2. Testing whether it is significant.
3. Establishing the cause-and-effect relation, if any.
TYPES OF CORRELATION
Correlation is described or classified in several different ways. Three of the most important
ways of classifying correlation are:
1. Positive or negative.
2. Simple, partial, and multiple.
3. Linear and non-linear.
EXAMPLES
1. POSITIVE CORRELATION
X: 10 12 15 18 20
Y: 15 20 22 25 37
2. POSITIVE CORRELATION
X: 80 70 60 40 30
Y: 50 44 30 20 10
1. NEGATIVE CORRELATION
X: 20 30 40 60 80
Y: 40 30 22 15 10
2. NEGATIVE CORRELATION
X: 100 90 60 40 30
Y: 10 20 30 40 50
SIMPLE, PARTIAL, AND MULTIPLE CORRELATIONS:
The distinction between Simple, Partial, and Multiple Correlations based upon the number
variables are studied.
For example. When we study the relationship between the yield of rice per acre and both the
amount of rainfall and the amount of fertilizers used, it is a problem of multiple correlation.
On the other hand, in partial correlation we recognize more than two variables, but consider
only two variables to be influencing each other the effect of other influencing variables being
kept constant.
EXAMPLE
In the rice problem taken above if we limit our correlation analysis of yield and rainfall to
periods when a certain average daily temperature existed it becomes a problem relating to
partial correlation only.
LINEAR AND NON-LINEAR (CURVILINEAR) CORRELATION
The distinction between linear and non-linear correlation is based upon the constancy of the
ratio of change between the variables. If the amount of change in one variable tends to bear
constant ratio to the amount of change in the other variable, then the correlation is said to be
linear.
EXAMPLE
observe the following two variables X and Y :
X: 10 20 30 40 50
Y: 70 140 210 280 350
The ratio of change between the two variables is the same If such variables are plotted on a
graph paper the plotted points would fall on straight line.
Correlation would be called non-linear or curvilinear if the amount of change in one variable
does not bear a constant ratio to the amount of change in the other variable.
EXAMPLE
If we double the amount of rainfall the production of rice or wheat, etc. would not necessarily
be doubled.
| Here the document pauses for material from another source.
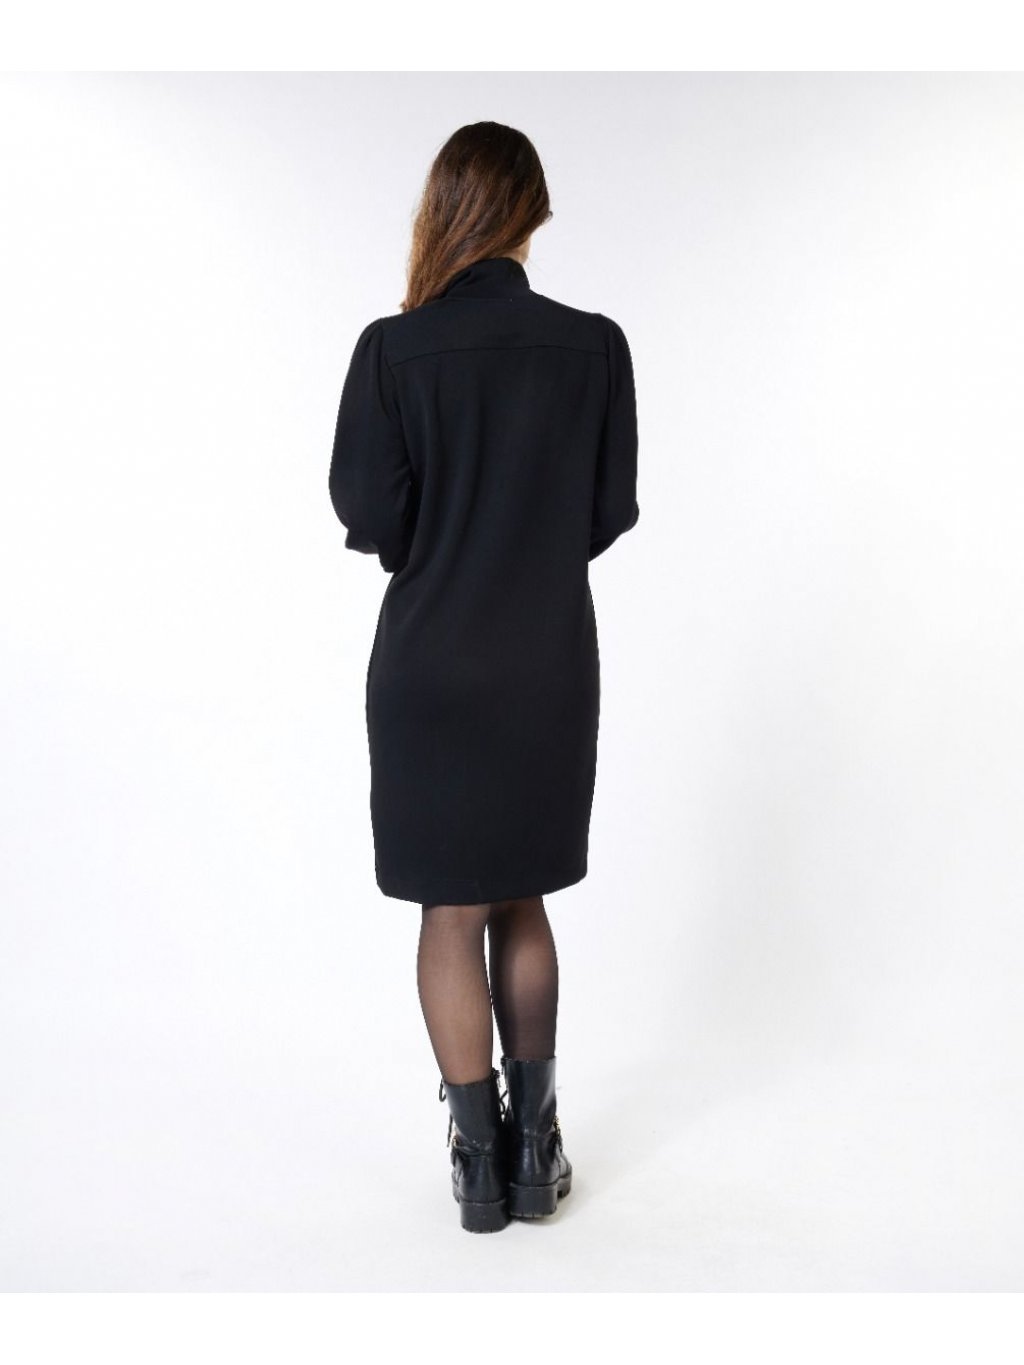 Šaty Esqualo 5500 černé se zipem neoprenové

It may be pointed out that in most of the practical situations, we find a non-linear
relationship between the variables. However, since techniques of analysis for measuring non-
linear correlation are far more complicated than those for linear correlation. we generally
assume that the relationship between the variables is of the linear type.
METHODS OF STUDYING CORRELATION
The various methods of ascertaining whether two variables are correlated or not are:
1. Scatter Diagram Method
2. Graphic Method
3. Karl Pearson's Coefficient of Correlation
4. Concurrent Deviation Method
5. Method of Least Squares.
Of these, the first two are based on the knowledge of diagrams and graphs. whereas the
others are the mathematical methods. Each of these methods shall be discussed in detail in the
following pages.
when this method is used the given data are plotted on graph paper in the form of dots.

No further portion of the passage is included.